Elastic Recovery Rate Testing of 631 Stainless Steel in Spring Manufacturing
Think about the springs in your car’s shock absorbers, the door hinges of a commercial fridge, or the valves in an airplane engine—they all have one job: bend, stretch, or compress, then snap back to their original shape. If a spring can’t “bounce back” (what we call elastic recovery), it’s useless. It might sag in a car’s suspension, stick in a fridge door, or fail in a critical engine valve—costing time, money, or even safety.

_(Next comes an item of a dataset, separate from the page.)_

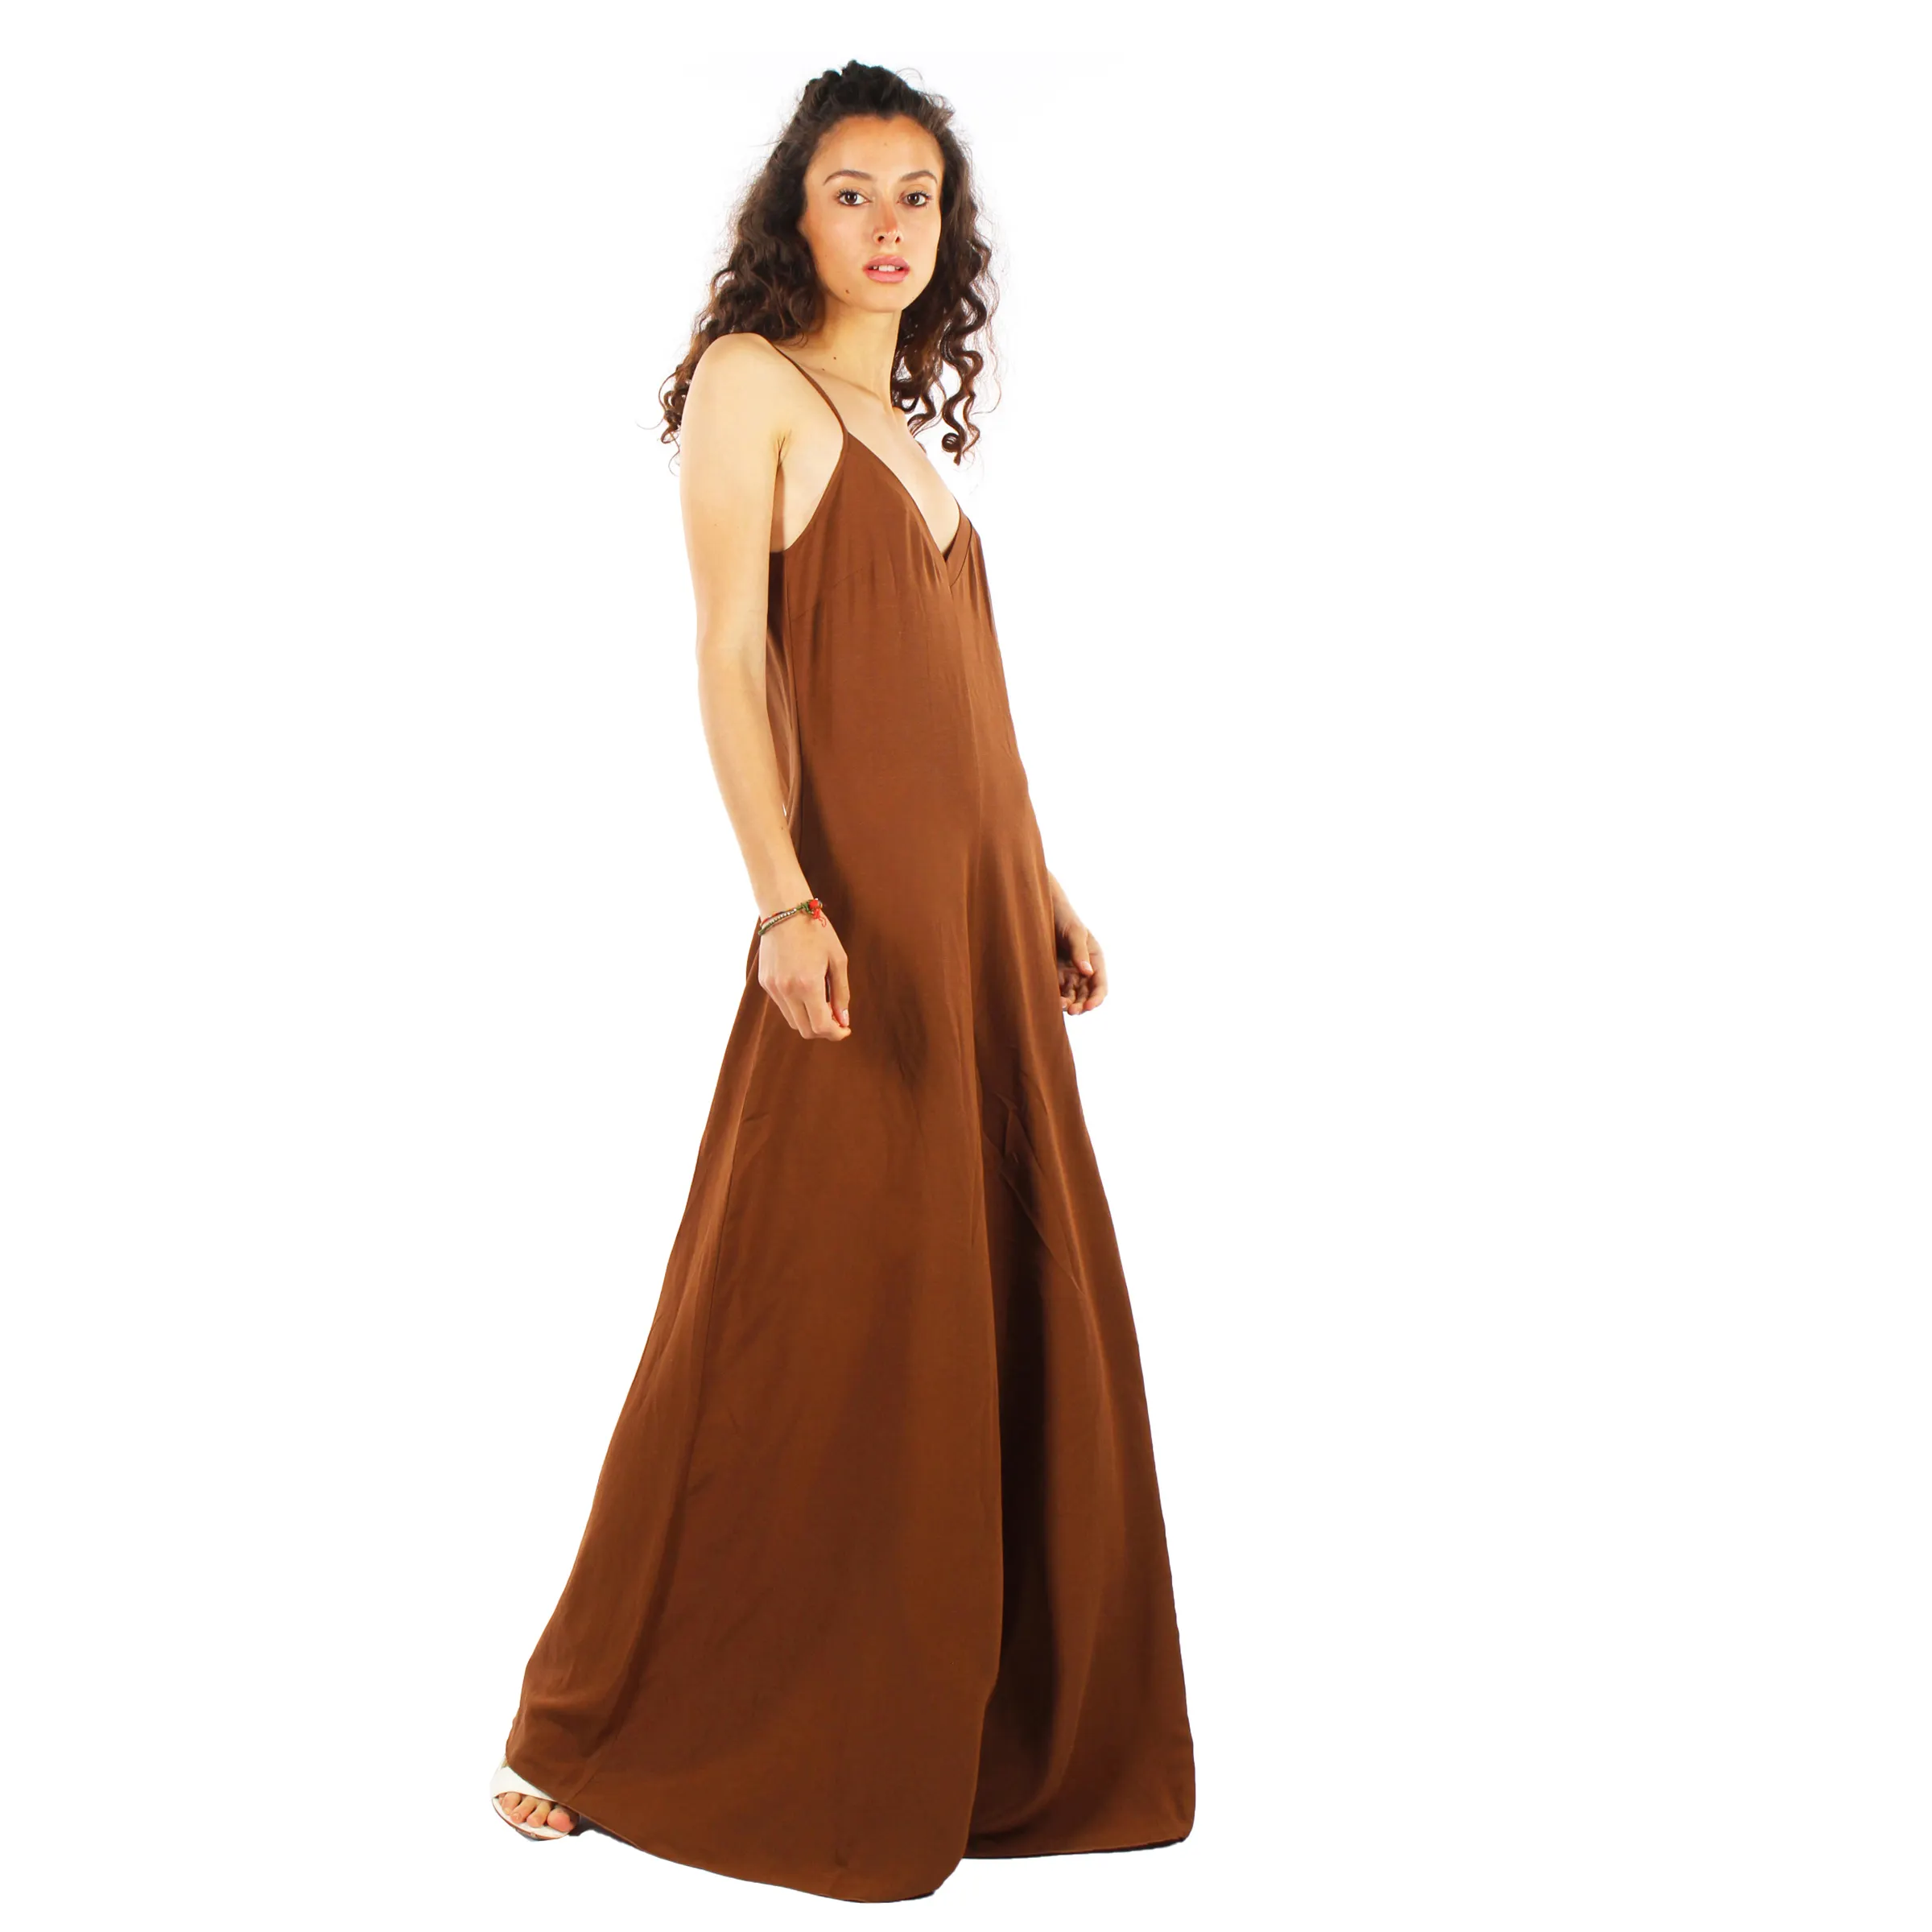 Effortlessly Modern Sleeveless Brown Palazzo Jumpsuit in a Luxurious Viscose-Linen for daytime party size large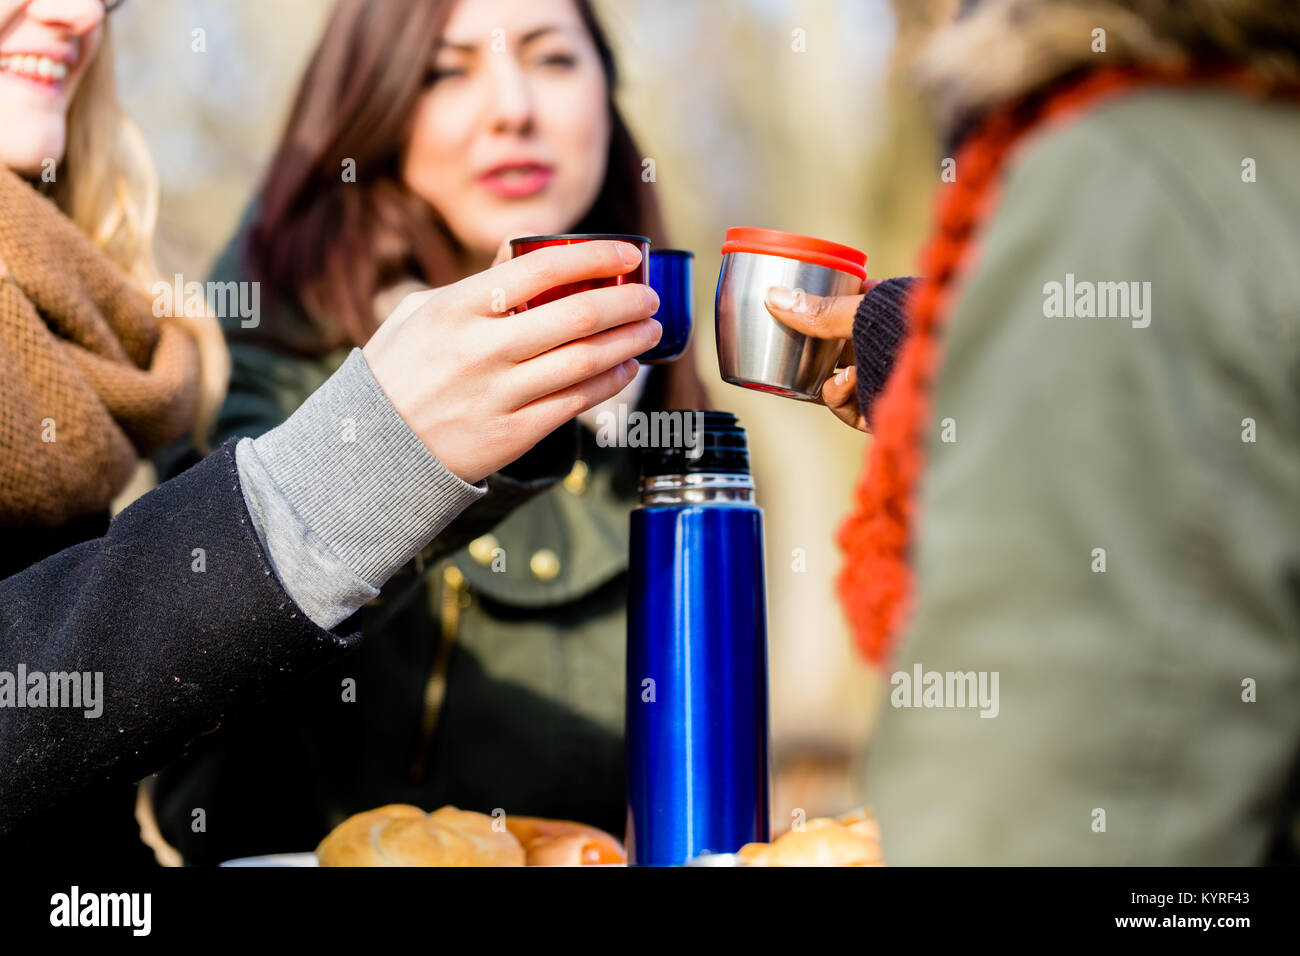 Young female friends drinking a hot beverage outdoors in winter Stock Photo

That’s why choosing the right material and testing its elastic recovery rate is make-or-break for spring manufacturers. And 631 stainless steel (also called 17-7PH) is a top pick for high-performance springs. It’s a precipitation-hardening stainless steel—meaning it gets stronger with heat treatment, while keeping great elasticity. But even 631 needs to be tested: not all 631 springs perform the same, and small changes in manufacturing can kill their elastic recovery. This article breaks down how to test 631’s elastic recovery rate, what makes it perform well, and how one spring factory used these tests to fix their quality issues.
Why 631 Stainless Steel Is a Go-To for High-Demand Springs
Before diving into testing, let’s clear up why 631 is so popular for springs. Most springs use materials like carbon steel or standard stainless steel (304), but 631 stands out for two big reasons:
Strength + Elasticity Balance: 631 has a yield strength of 1100–1300 MPa (way higher than 304’s 205 MPa) and an elongation rate of 15–20%. That means it can handle heavy loads (like a car’s weight on shock springs) without permanent bending, then snap back.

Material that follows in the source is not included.